Accountancy: A system to manage business records and financial accounts (information concerning money).
Carbon emissions: Greenhouse gases, released when we burn fossil fuels such as coal, oil and gas, are causing global warming.
Clean energy: Energy from resources that do not release greenhouse gas emissions, such as wind and sun.
Climate change: The process of changes in the environment around us over a period of time. These changes include the warming of the Earth’s surface and rising sea levels caused by humans burning fossil fuels and releasing greenhouse gases into the atmosphere.
Deposition: A process where materials such as soil or rocks are transported by wind, water or ice to make up a new land type, such as a mountain.
Electricity grid: The network for generating and distributing electricity, which connects power plants or wind farms to our homes, schools, offices and factories.
Erosion: The process whereby soil is washed away by wind or water
European law: The set of rules which guides the way people live in the European Union.
European Commission: The organisation at the centre of the European Union, which suggests policies to create change in Europe.
European Green Deal: This is the European Union’s plan to become more sustainable by reducing greenhouse gas emissions enormously, promoting more local and sustainable products, creating better jobs for people and many other projects that aim at making our lives more environmentally friendly.
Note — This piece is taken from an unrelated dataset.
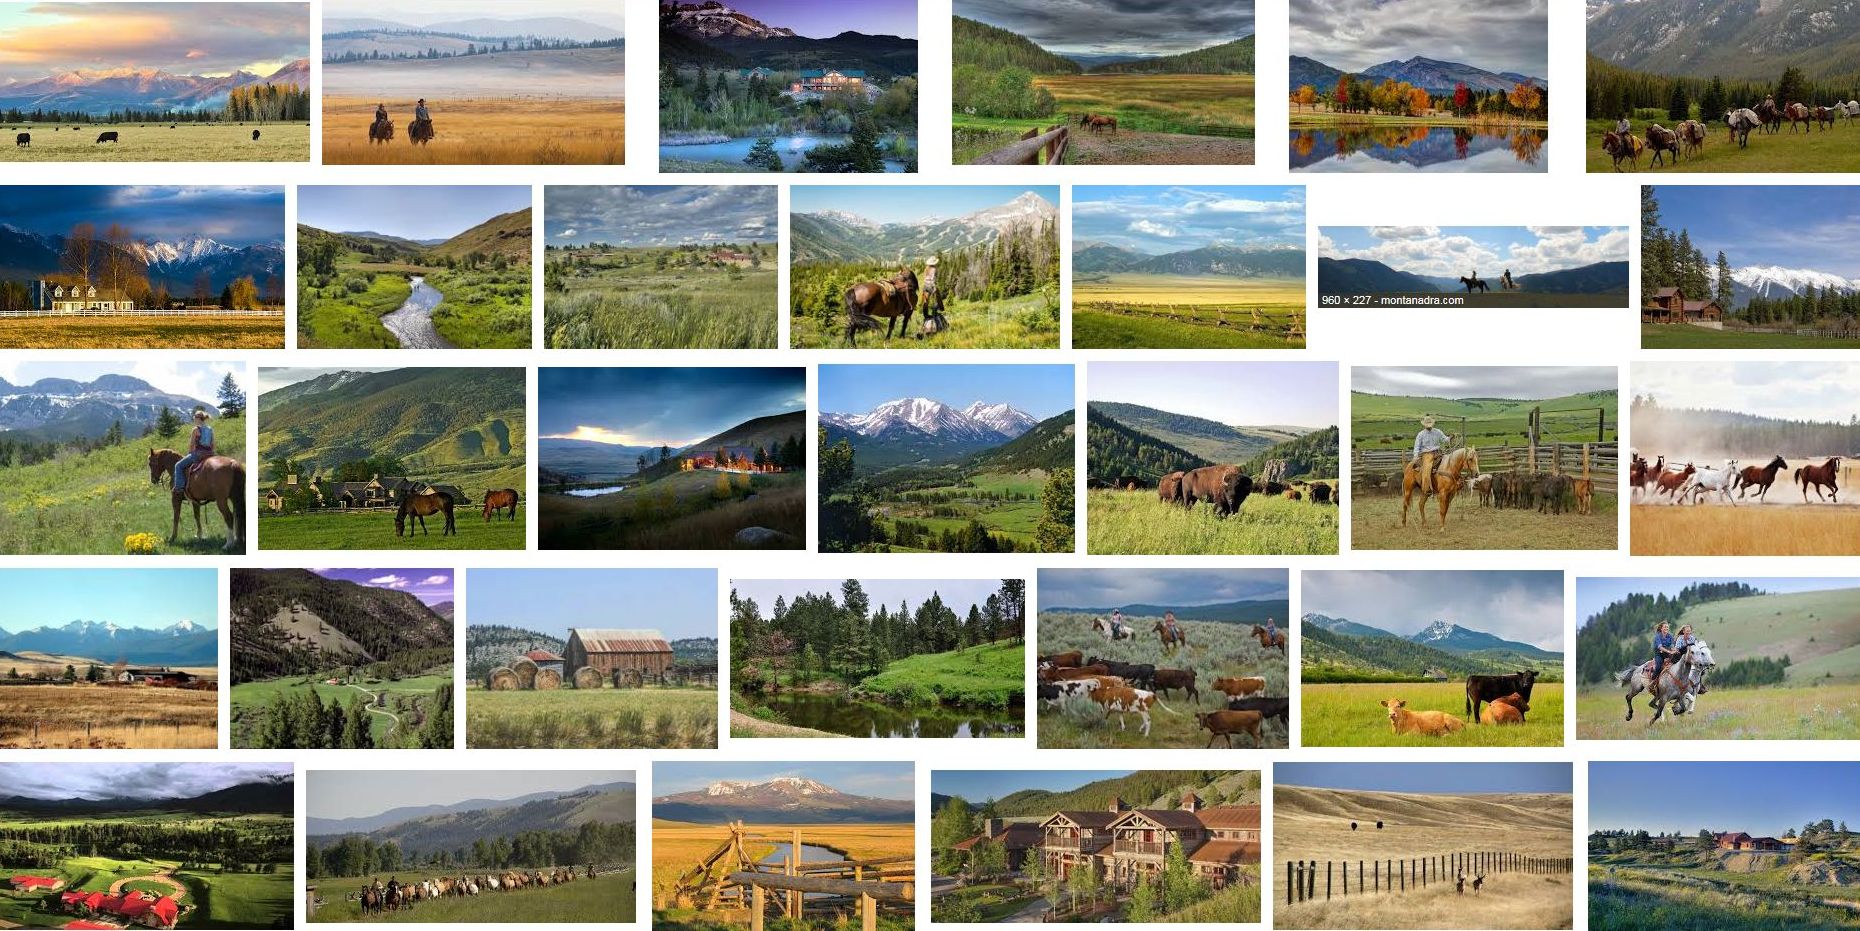 Montana Ranch Listings $400,000 To $500,000

Finance: The management of money.
Fossil fuels: Oil, gas and coal are fossils fuels as they are made from the fossils of animals and plants buried in the earth, which have broken down over millions of years. Burning them releases lots of energy and greenhouse gases.
Global warming: The increase in Earth’s average temperature over a long period of time.
Greenhouse gases: Burning fossil fuels releases greenhouse gases, such as carbon dioxide (CO2) and methane, which are causing climate change.
Master’s degree or Master’s: A degree (diploma) awarded by a college or university, to students who have successfully completed a number of subjects and passed the exams. This usually takes four to five years of studies.
NASA: The National Aeronautics and Space Administration in the US, which studies space and space travel.
Political science: The study of how groups of people make decisions together, through governments or other forms of agreement.
Renewable energy or sustainable energy: Energy from resources that are naturally replaceable and don’t pollute the environment, such as wind, water and sun.
Rotor blades: These are the most important parts of wind turbines. They capture wind and transform it into energy. They can have different lengths and shapes to catch different types of wind.
Solar farm: When lots of solar panels are built together in an organised manner to capture the sun’s energy and generate electricity.
Sustainable: When humans live and interact with the environment and its natural resources in a smart and careful way. It is important to ensure there will be enough natural resources (food, water, plants and animals) left for future generations. We should use all resources in a thoughtful, and not a wasteful, way.
Waste materials: Items which are thrown away and become rubbish, like the wrapping on a chocolate bar. Some of this waste can be recycled into new products or reused for another purpose.
Wind farm: A group of wind turbines that are built and connected together either on land or at sea.
Wind flows: The movement of air.
Wind tunnel: A long chamber through which air is forced through to test how the wind reacts in different circumstances.